3) Fincher's The Girl with the Dragon Tattoo has already shown how quickly Rooney Mara's beauty can become unpredictable, detached, and alien. Soderbergh's nonjudgmental filmmaking style perfectly suits her because they both share a blank affect that can mask all kinds of monstrous subterfuges and underlying agendas. The pharmaceutical industry has a not so subtle agenda: profit. Psychiatrists (such as Dr. Jonathan Banks (Jude Law)) cannot help being torn between curing patients and assisting big pharma for money. The occasional patient may be sacrificed in the process, but also Side Effects depicts how a doctor might be subject to a media campaign that shatters his practice: either through advertisements or through talk shows, news shows, etc., the media distorts and sensationalizes antidepressants.
4) While I enjoyed Mara's mutant charm, Jude Law--in one of his best roles since playing Dickie in The Talented Mr. Ripley (1999)--surprised me the most with his intelligent take on Dr. Banks. In an early scene, Banks saves a weeping Haitian from police brutality when he determines, in French, that the man had seen his deceased father go by in a taxi. When the cop asks him how that can be, Banks replies that given Haitian cultural mores, such a vision is not uncommon. In other words, Banks sees through the situation in a way that the policeman couldn't. His role in the movie's many deceptions requires him to spot nuances in people's behavior in order to out-strategize others to try to survive.
5) Side Effects also considers the various ways in which doctors can constrain their patients and abuse their power, i.e. by committing them to wards, restricting their access to telephones (as in Notorious (1946)), injecting them with tranquilizers when they become agitated, and by siccing the police on them when they try to escape.

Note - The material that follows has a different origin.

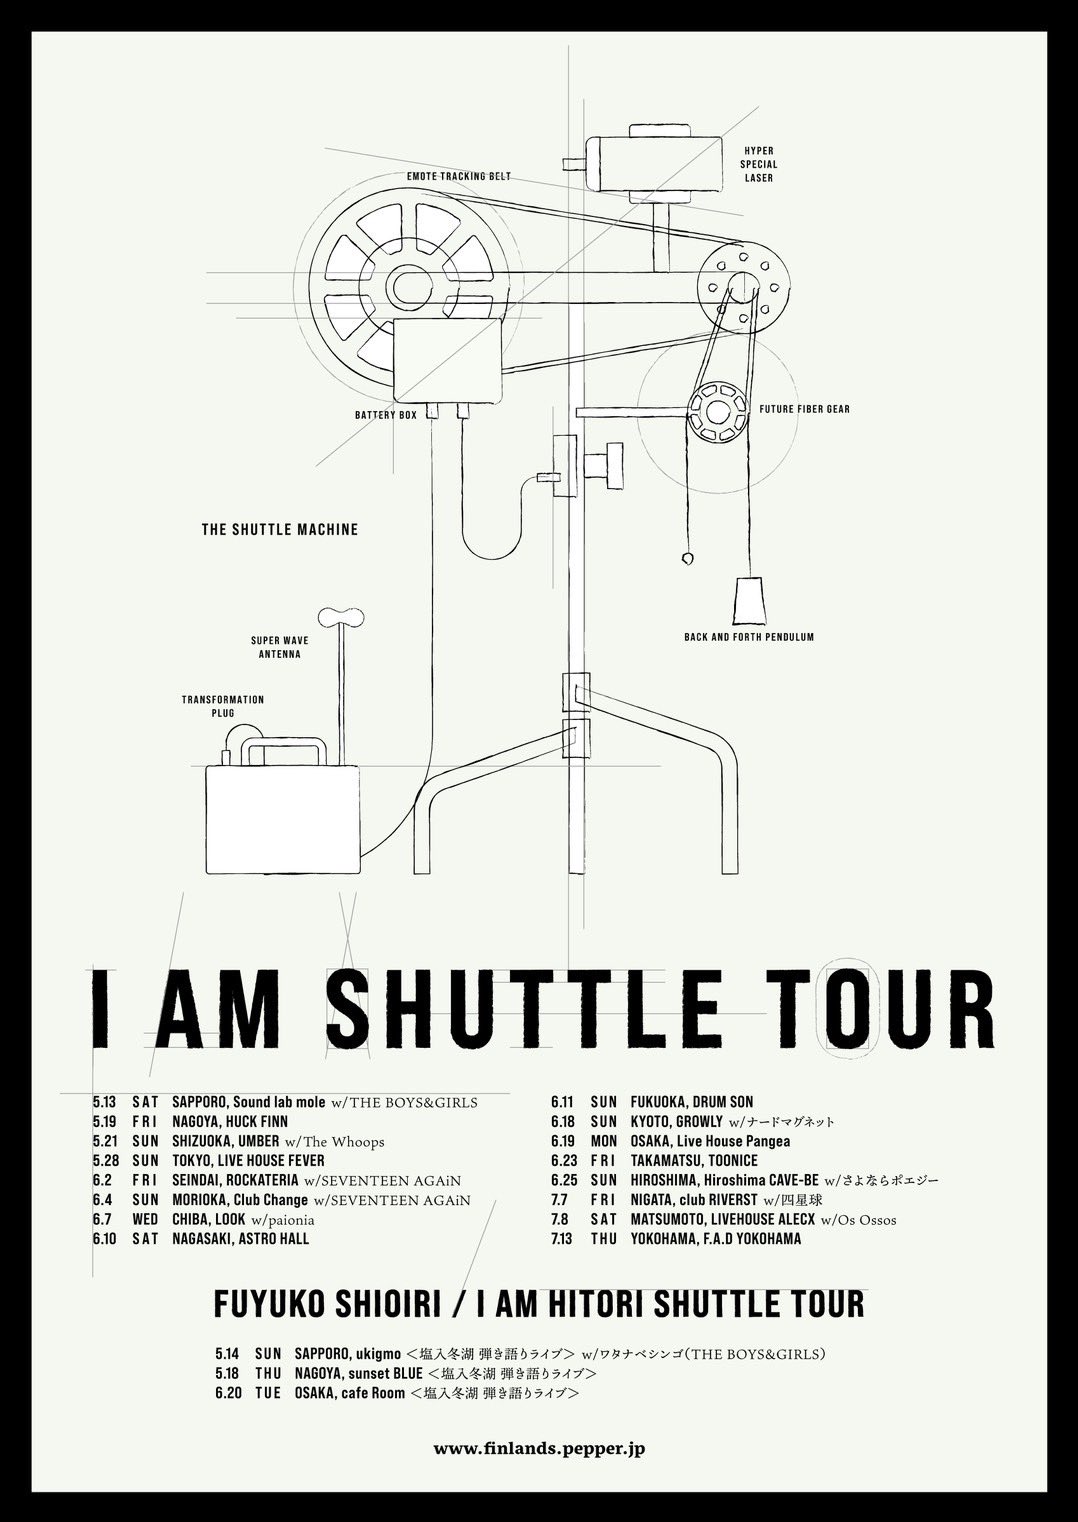 FINLANDS 「I AM SHUTTLE TOUR」

6) As Dr. Victoria Siebert (Catherine Zeta-Jones) says at one point, "A number of years ago I had a patient who was having an affair, came in here every week like he was going to confession, cried, repented, didn't stop. Then one day he comes in and says it's over, finally got a handle on his issues like some great epiphany. It was about six or seven years later his wife turns up and says he has a whole other family in another state. He'd been lying to her and he was lying to me. The kids blamed me. The wife blamed me. Even the patient blamed me. There were times I blamed me. The point is, the cardiologist could see it coming from the tests. It's in the blood. But who can see the lies?"
7) What are the side effects? Dry mouth, nausea, dizziness, headaches, anxiety, insomnia, weight gain, diminished sex drive, sleepwalking. What kind of Faustian deal do the sad make every day as they take their antidepressants? As Paul Biegler points out, "Patients are squeezed in a pharma sandwich, pressured on one side by physicians with big money riding on drug companies, and subtly cajoled on the other by direct-to-consumer advertising of prescription drugs (DTCA)." What does it mean to have one's mood so crudely fixed, with such mechanistic tradeoffs? Are people healed or do they become automatons? Couldn't one say that, for some, depression is a natural response to deranged circumstances?